LA SITUAZIONE ATTUALE

Abbiamo chiesto a Nicola Quirico, direttore responsabile di FADIS (Federazione Associazioni di docenti per l’integrazione scolastica), di rispondere ad alcune domande che ci aiutino a capire come si configura realmente la situazione attuale.

Qual è la reale situazione degli insegnanti di sostegno oggi, in seguito alle riforme del Ministro Gelmini?

Le diverse riforme messe in atto dal Ministro dell’Istruzione riguardano molto aspetti della gestione e dell’organizzazione delle scuole di ogni in grado e grado. Per la maggior parte di esse si conferma nel complesso la scelta dell’integrazione scolastica degli alunni con disabilità nelle scuole. A questo proposito sono state recentemente emanate dal Ministro le linee guida per l’integrazione scolastica che pur non essendo un vero e proprio atto normativo fornisco e ribadiscono molte indicazioni, già note agli operatori scolastici, ma  non sempre applicate in maniera corretta. Nello specifico le linee guida sollecitano i dirigenti scolastici (ex presidi) ad assumere responsabilità precise al fine di assicurare la piena integrazione dei disabili nelle classi comuni. Di grande rilievo è l’importanza data ai gruppi di studio a livello di scuole e di consiglio di classe che offrono l’opportunità di avviare una proficua attività di condivisione con le famiglie per la gestione dei percorsi di integrazione previsti dal POF, Piano dell’Offerta formativa, della scuola e dal PEI, Piano Educativo Individualizzato, dell’alunno con disabilità. Altro tema non ancora toccato dalla riforme ma sicuramente fondamentale per l’integrazione scolastica degli alunni con disabilità riguarda la formazione iniziale dei docenti. Infatti attraverso un’adeguata formazione iniziale e in servizio obbligatoria per tutti i docenti, quindi non solo quelli di sostegno,  è possibile rinnovare la scuola tenendo conto dei bisogni educativi di tutti gli alunni.

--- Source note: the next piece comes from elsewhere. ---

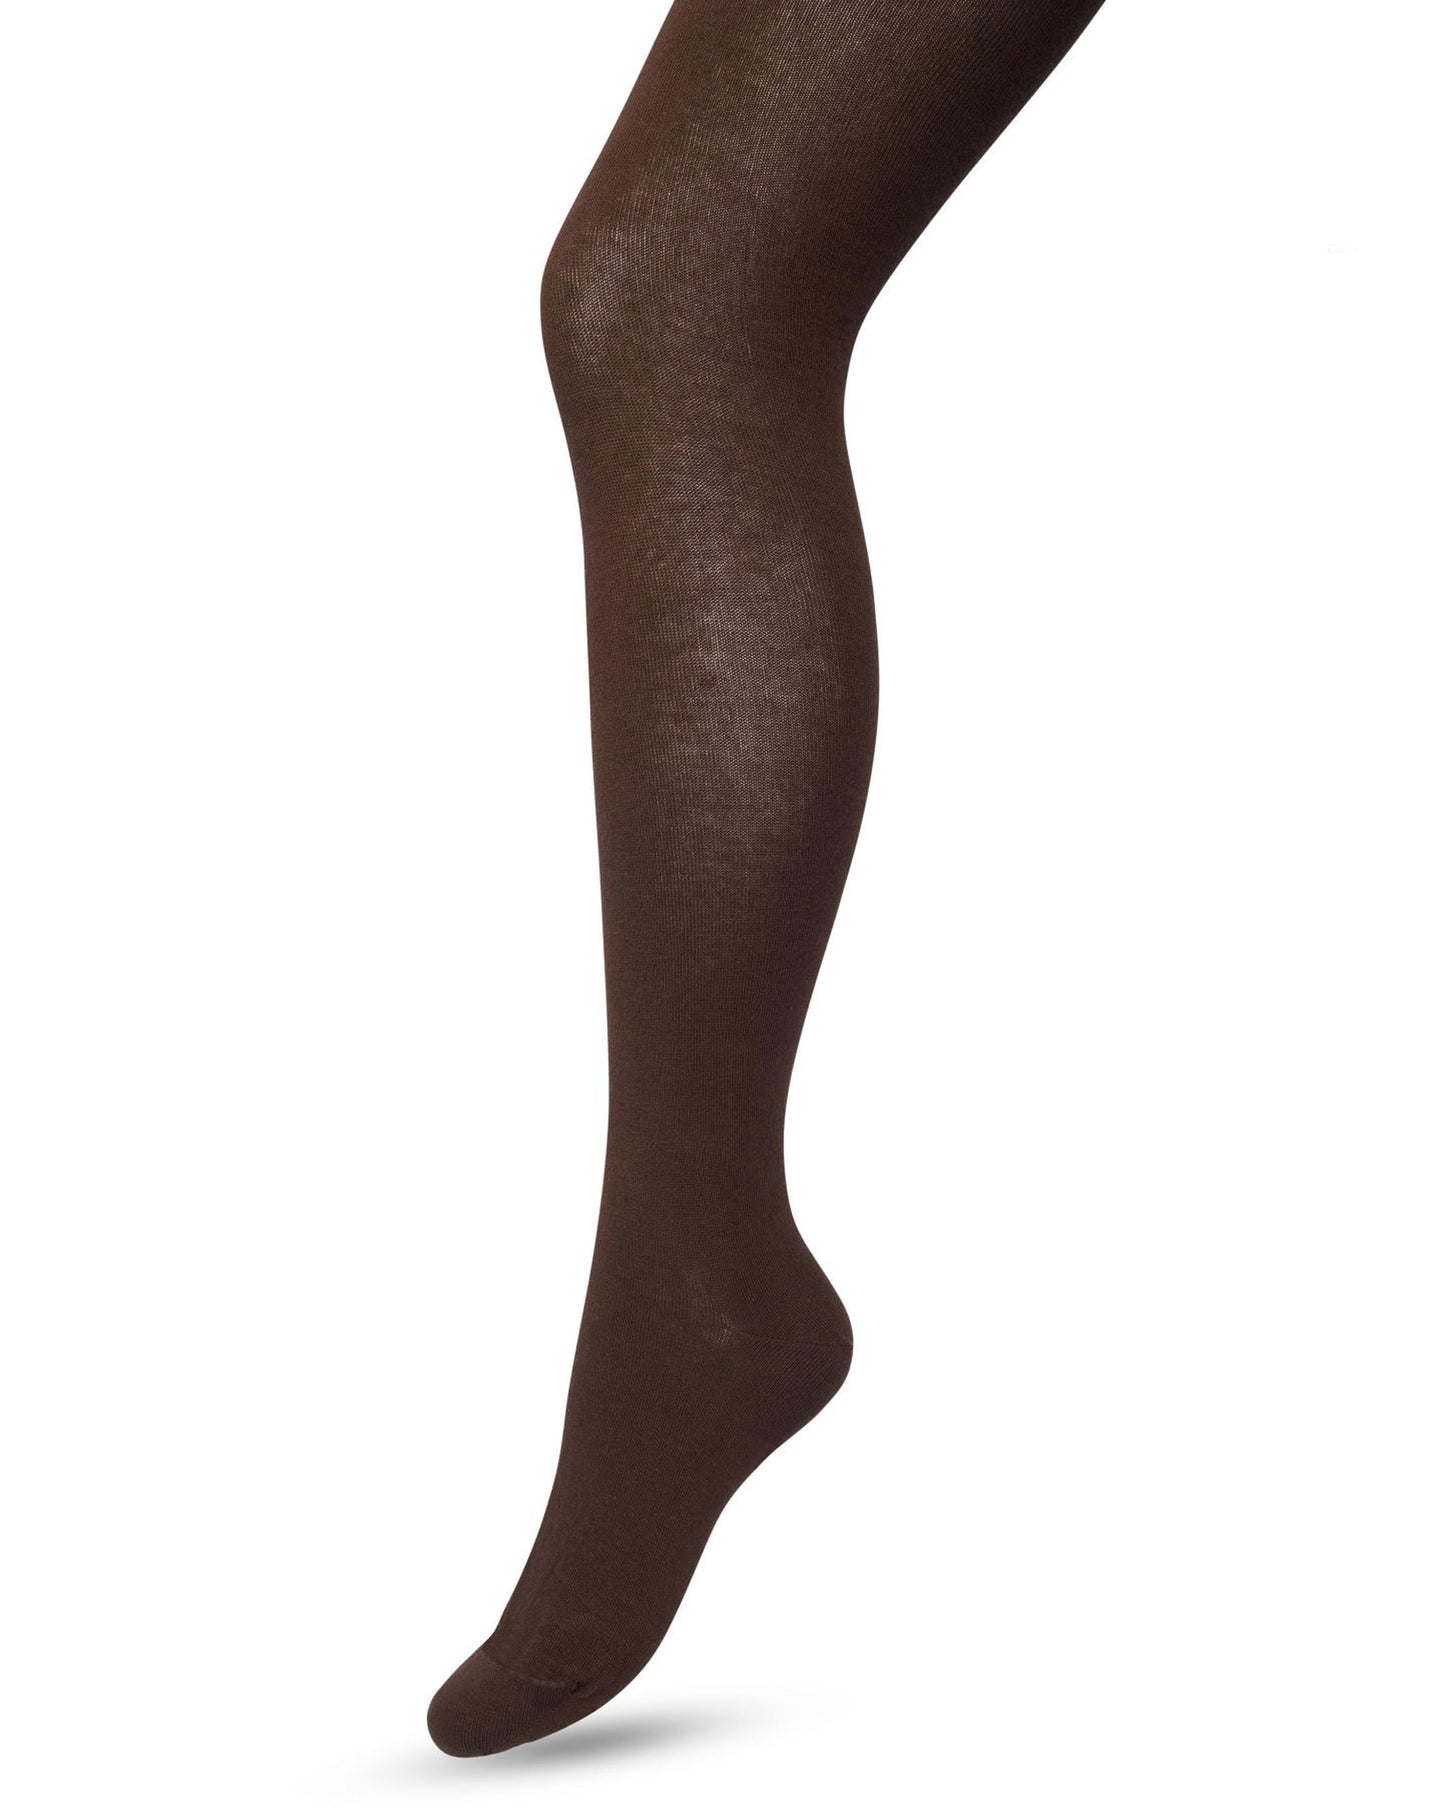 Bonnie Doon Bio Cotton Tights - Dark brown warm and soft knitted organic cotton Winter thermal tights.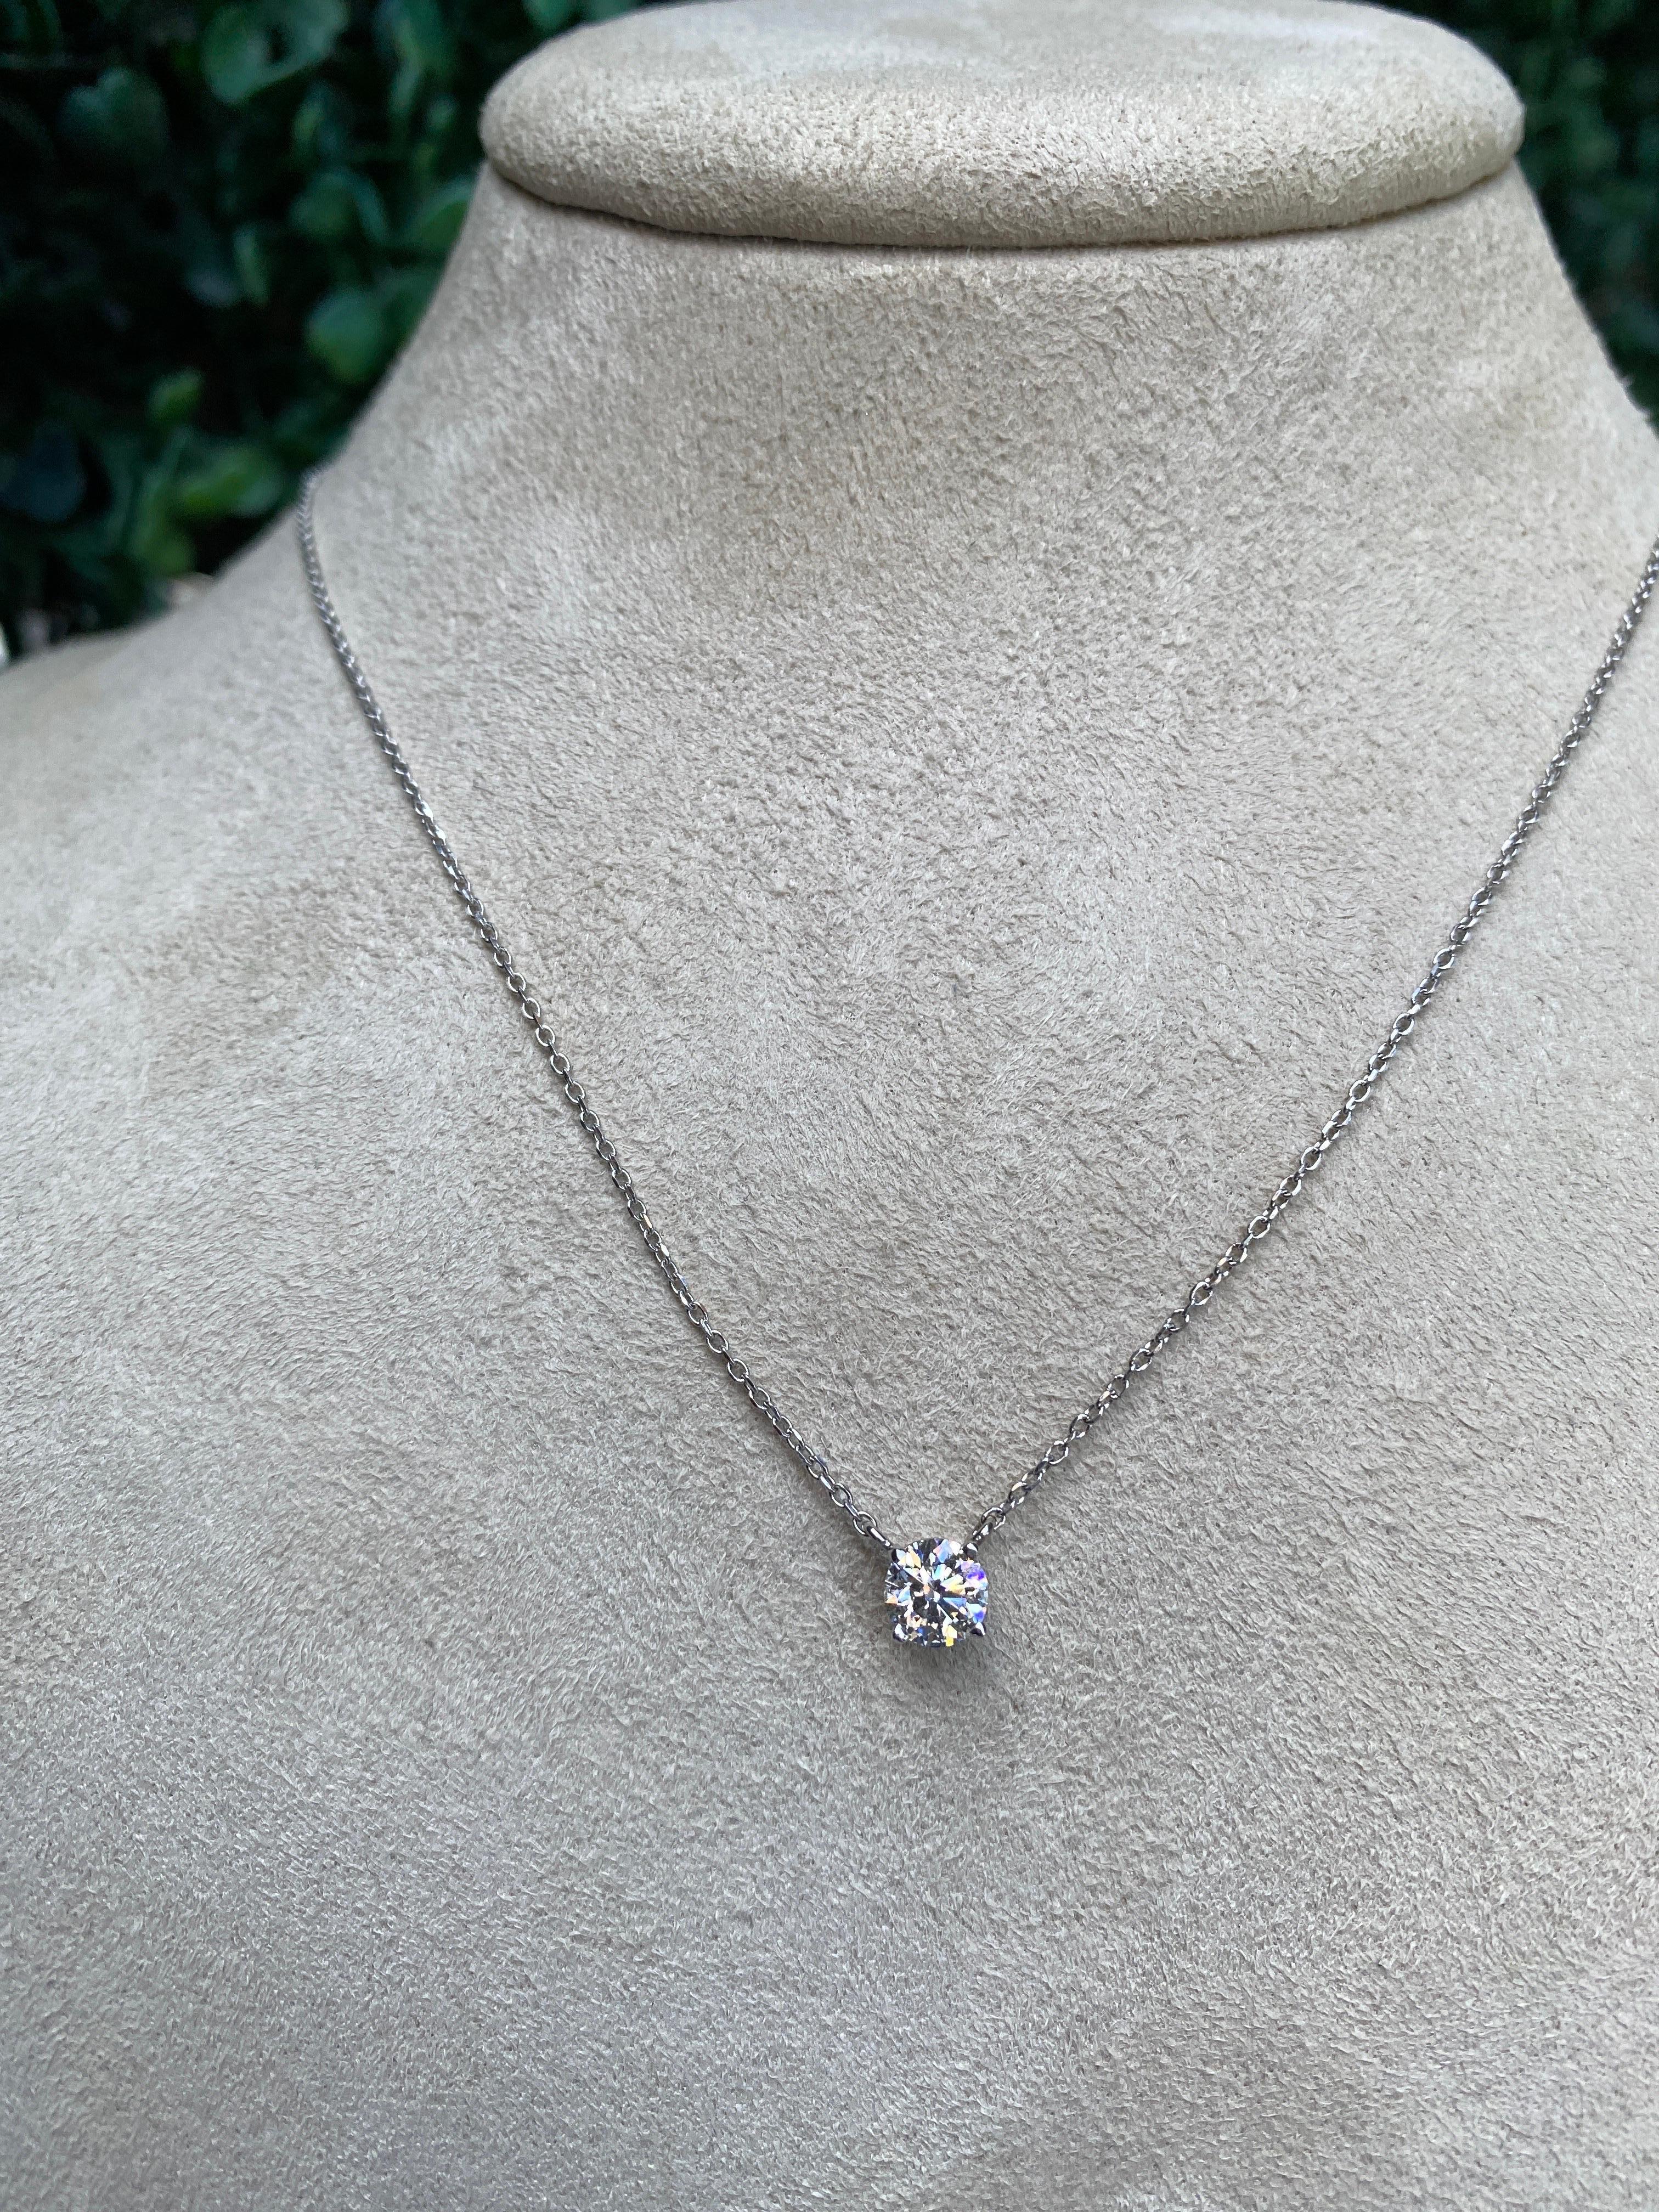 0.50 Carat Round Natural Diamond, H-I SI2, 14 Karat White Gold Pendant Necklace For Sale 3

E qual è la situazione degli alunni che hanno diritto al sostegno?

In questo avvio di inizio anno scolastico le principali preoccupazioni riguardano le carenze di organici del personale docente di sostegno che puntualmente vengono segnalate da più parti, ma che in assenza di dati ufficiali è difficile comprenderne l’entità e la dislocazione sul territorio nazionale. Sicuramente le attuali modalità di gestione del personale docente  impediscono in diversi casi la continuità didattica e questo aspetto può provocare difficoltà nella prosecuzione dei percorsi di integrazione previsti per gli alunni con disabilità che invece richiedono figure certe e stabili nel tempo. Inoltre a seguito delle recenti disposizioni di contenimento della spesa pubblica l’innalzamento progressivo del numero di alunni per classe può rendere problematico l’inserimento degli alunni con disabilità in aule troppo affollate.
Per quanto riguarda il diritto  all’insegnante di sostegno, di altre figure professionali, mezzi e ausili didattici specifici è da registrare in talune regioni la riduzione del numero degli alunni certificati a seguito dell’applicazioni di nuove modalità di certificazione della disabilità.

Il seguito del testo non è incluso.